--- Information supplied Enclosed Below ---
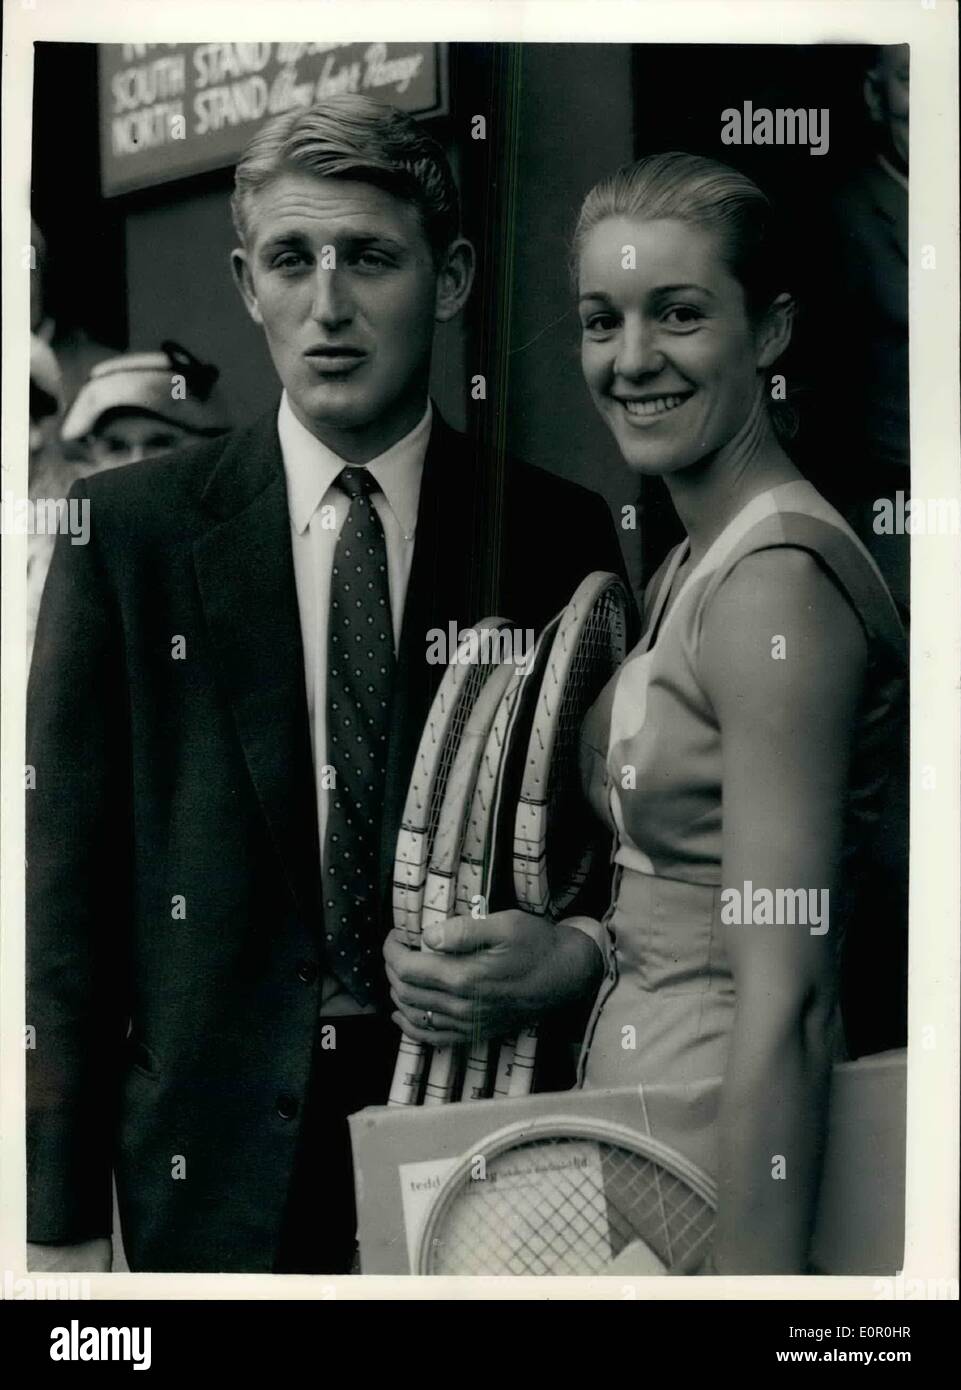 6. Juni 1957 - erster Tag des Wimbledon-Turniers. Lew Hoad und seine Frau kommen.: Fotoshows Weltmeister Lew Hoad Australiens - und seine Frau Jennifer zur Eröffnung des Wimbledon-Turniers heute ankommen. Frau Hoad tragen eine Outfit in blau - gelb und rosa Bettwäsche. Stockfoto
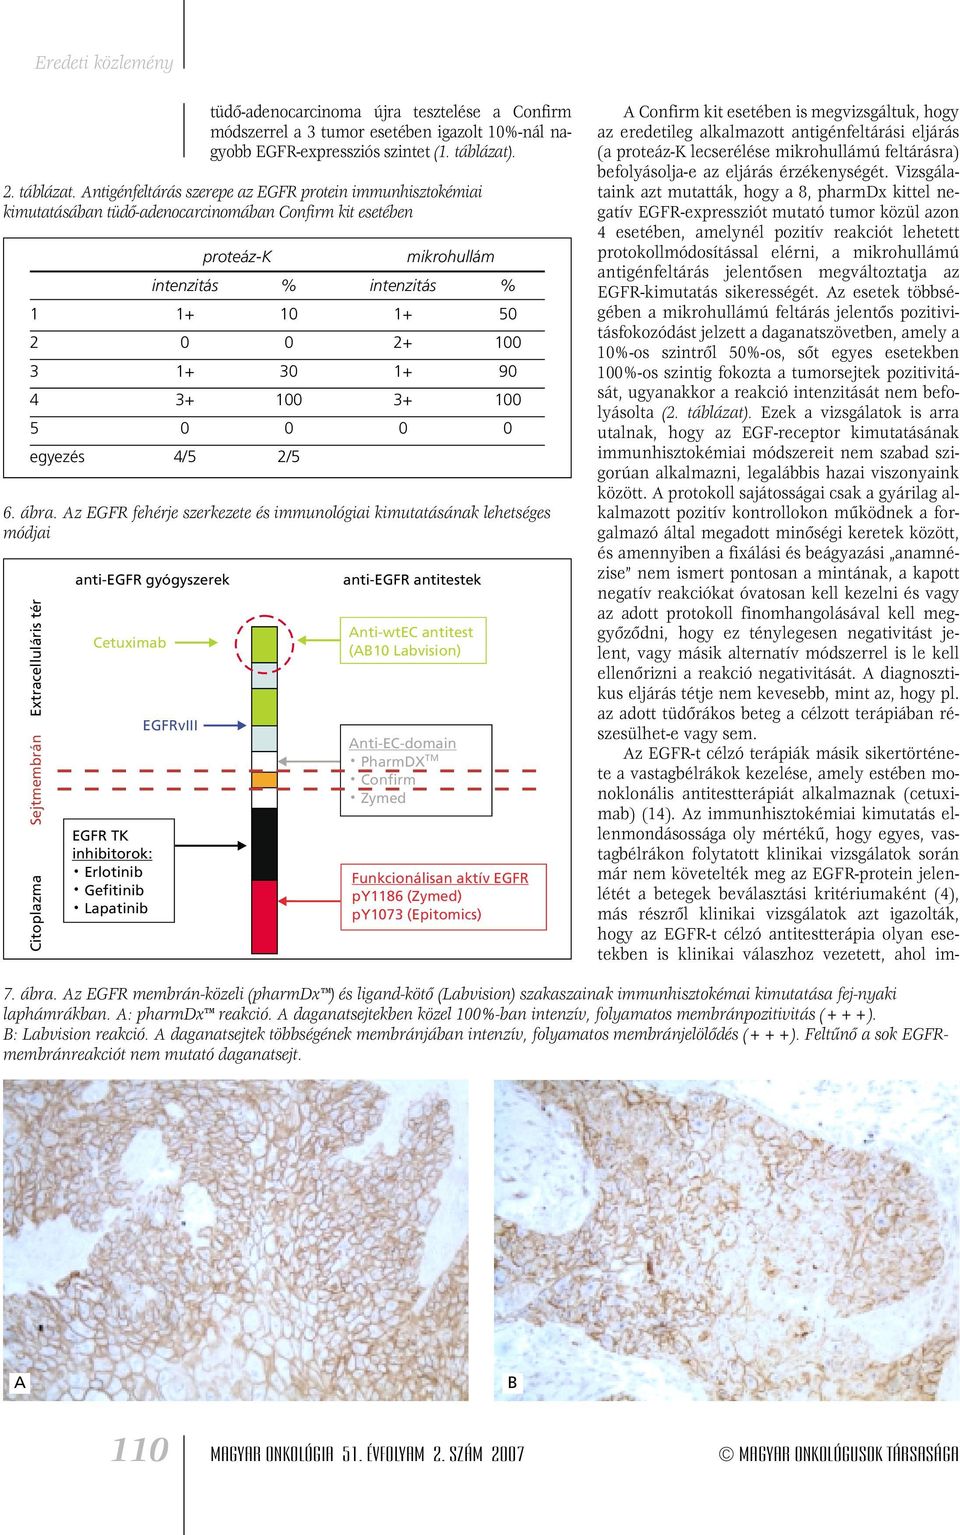 Antigénfeltárás szerepe az EGFR protein immunhisztokémiai kimutatásában tüdô-adenocarcinomában Confirm kit esetében proteáz-k mikrohullám intenzitás % intenzitás % 1 1+ 10 1+ 50 2 0 0 2+ 100 3 1+ 30
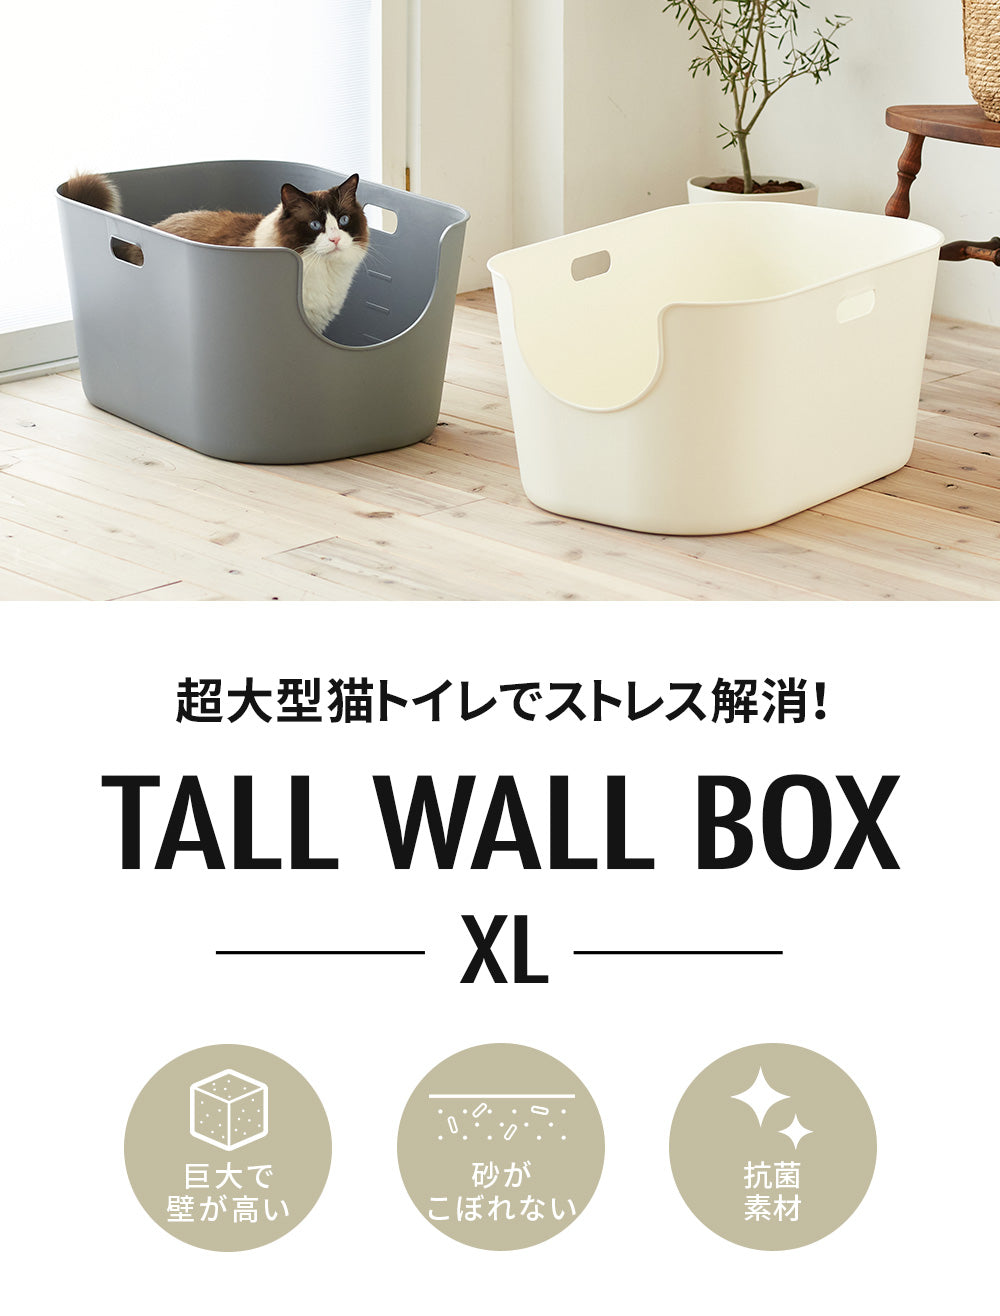 超大型猫トイレ 【TALL WALL BOX - XL】スプレー対策や砂の飛び散り防止に
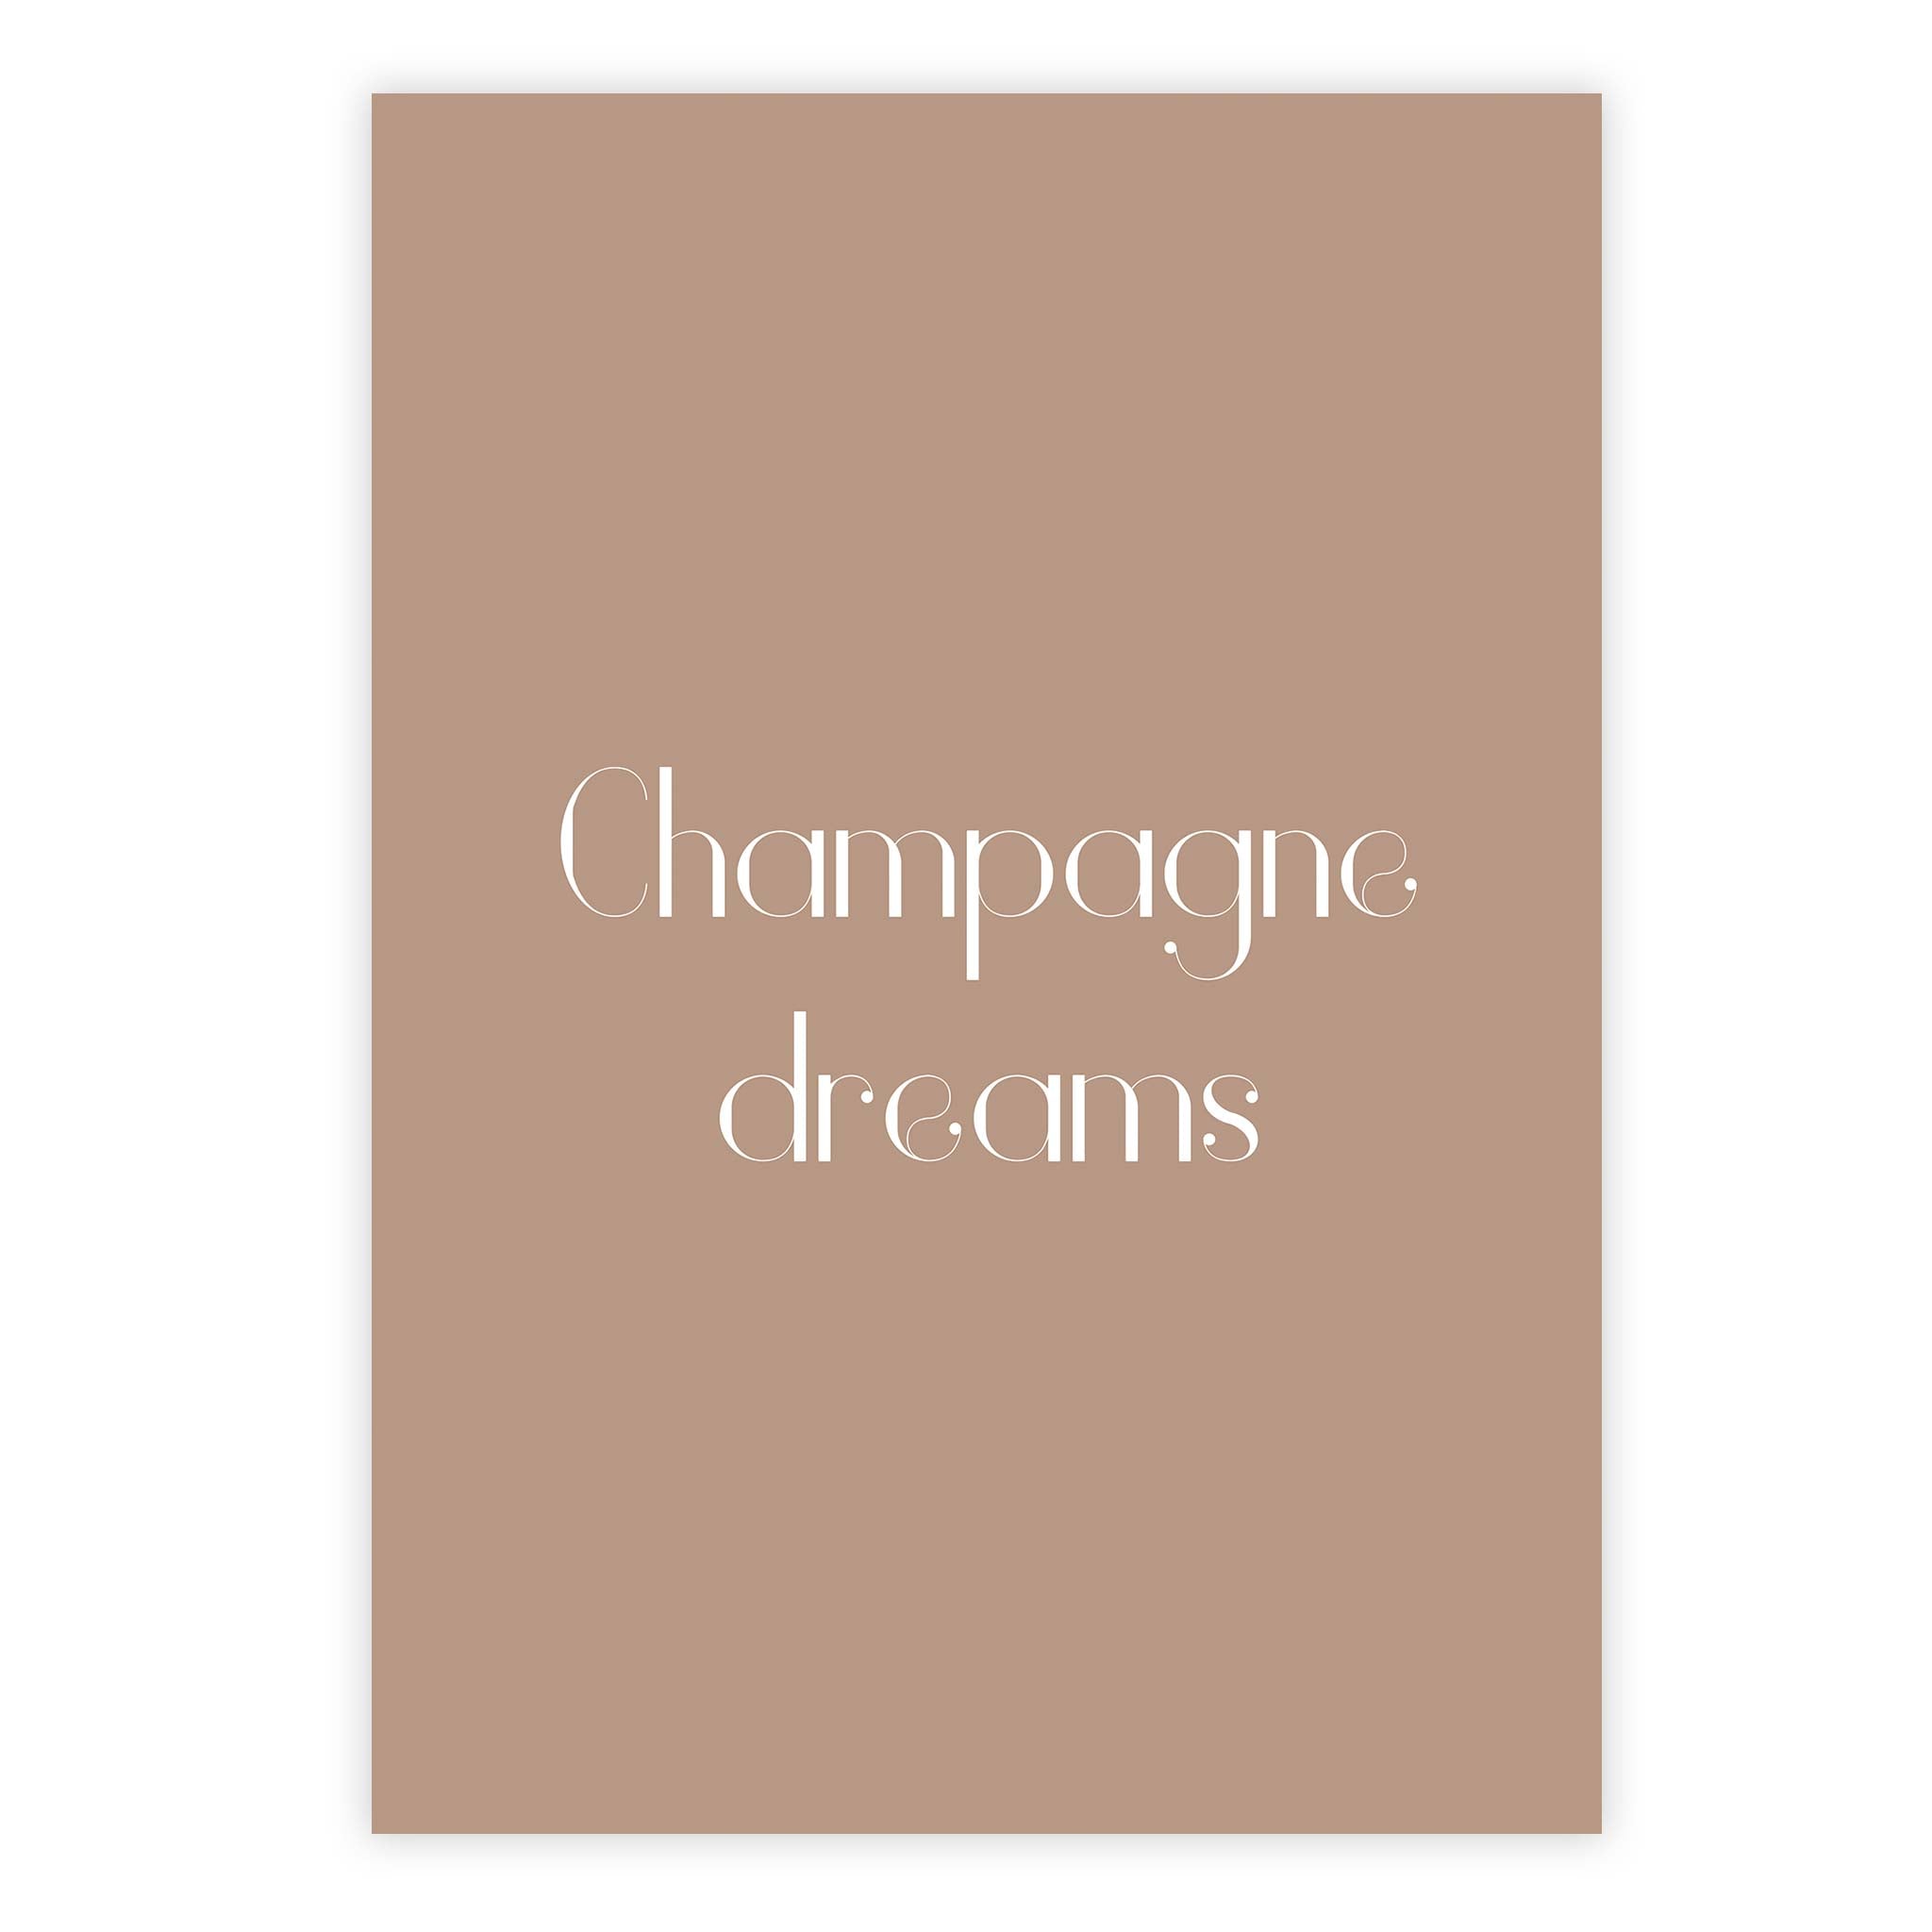 Champagne dreams
--- End of Enclosed Information supplied ---
Repeat only the lines from the one holding "Antigénfeltárás szerepe az" through the last line of the data, inclusive. Keep the pictures out.

 Antigénfeltárás szerepe az EGFR protein immunhisztokémiai kimutatásában tüdô-adenocarcinomában Confirm kit esetében proteáz-k mikrohullám intenzitás % intenzitás % 1 1+ 10 1+ 50 2 0 0 2+ 100 3 1+ 30
 超大型猫トイレ 【TALL WALL BOX - XL】スプレー対策や砂の飛び散り防止に
 Champagne dreams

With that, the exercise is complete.